This elite squad is a lot like the Dirty Dozen, but there are only four of them. Fortunately, Don Lee counts for at least eight guys—eight really big guys. The old team of convicts is reconstituted to capture several far worse criminals in Son Yong-ho’s The Bad Guys: Reign of Chaos, the feature sequel to the hit Korean TV show, which opens this Friday in New York.
Big bad Park Woong-cheol has been given a two-day furlough to mourn the death of his best friend, one of the last old school, socially responsible clan bosses. As luck would have it, he will be available to return to the crooks-catching-crooks task force that has been called back into service to catch the high-profile criminals who just escaped in the Fugitive-style opening action sequence.

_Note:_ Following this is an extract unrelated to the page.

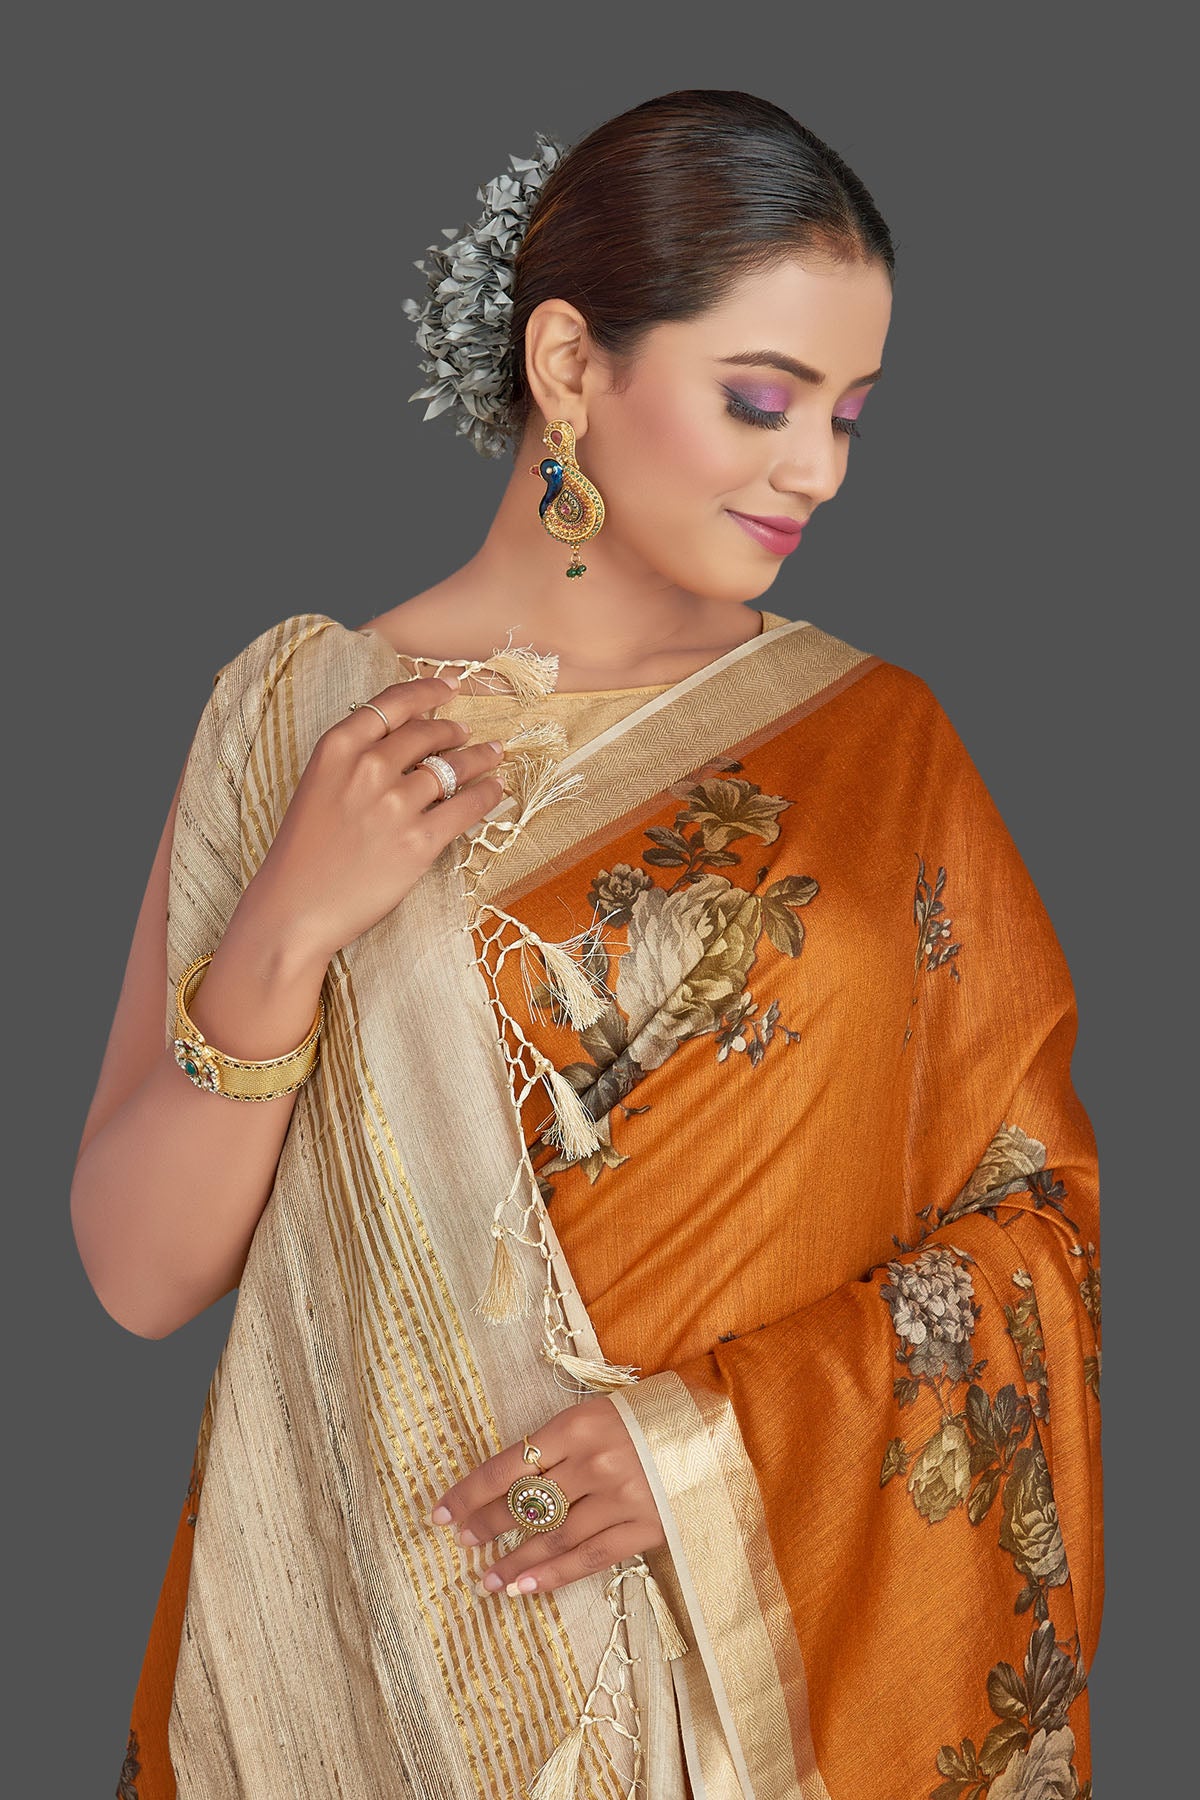 Buy stunning dark orange floral print tussar Banarasi saree online in USA with beige pallu. Look your best on special occasions with stunning Banarasi saris, pure silk saris, tussar sarees, handwoven sarees from Pure Elegance Indian saree store in USA.-closeup

Sadly, Lt. Yoo Mi-young, one of their badge-holding comrades from the TV series, was badly injured in the attack, so it is personal for Park. At least their old commander, Captain Oh Goo-tak is back in charge, but the ailing copper is not long for this world. Naturally, there will be some tensions with the new recruits: Ko Yoo-sung, an overzealous cop and “Jessica” Kwak No-soon, a confidence trickster. However, they will all be on the same page when they realize one of their targets is the serial killer who seduced and murdered Kwak’s sister. Yet, there is probably even more pressure to re-capture No Sang-sik, a high-ranking mob boss, who had promised to reveal his secrets to Lt. Yoo.
After the initial escape, Reign of Chaos gets a little bogged down in exposition, but then it cranks it up again and never slows down. Frankly, this is a perfect vehicle for Don Lee (a.k.a. Ma Dong-seok), who is quickly becoming the Arnold Schwarzenegger of the modern era. His imposing physique cannot be missed (even by a blind man on valium), but it is his earnestness and “aw shucks” charm that really pop off the screen. He performs feats of strength and bashes more bad dudes (we can’t call them “bad guys”) than viewers can easily count without a hand-clicker, always in a way that is upbeat and entertaining.
Kim Sang-joong is a perfect counter-balance, playing Cap. Oh with world-weary gravitas. Just one look at his wrinkled brow can cause sympathy headaches. Kim A-joong also has fun vamping it up opposite Lee’s burly but Boy Scout-ish Park. Park Won Sang also has some nice moments as the cynical but honest copper, Jo Dong-sul. They all form quite a colorful ensemble who rather overshadow Chang Ki-yong, who is quite competent as the hot-headed Ko, but he just can’t compete with Lee and company.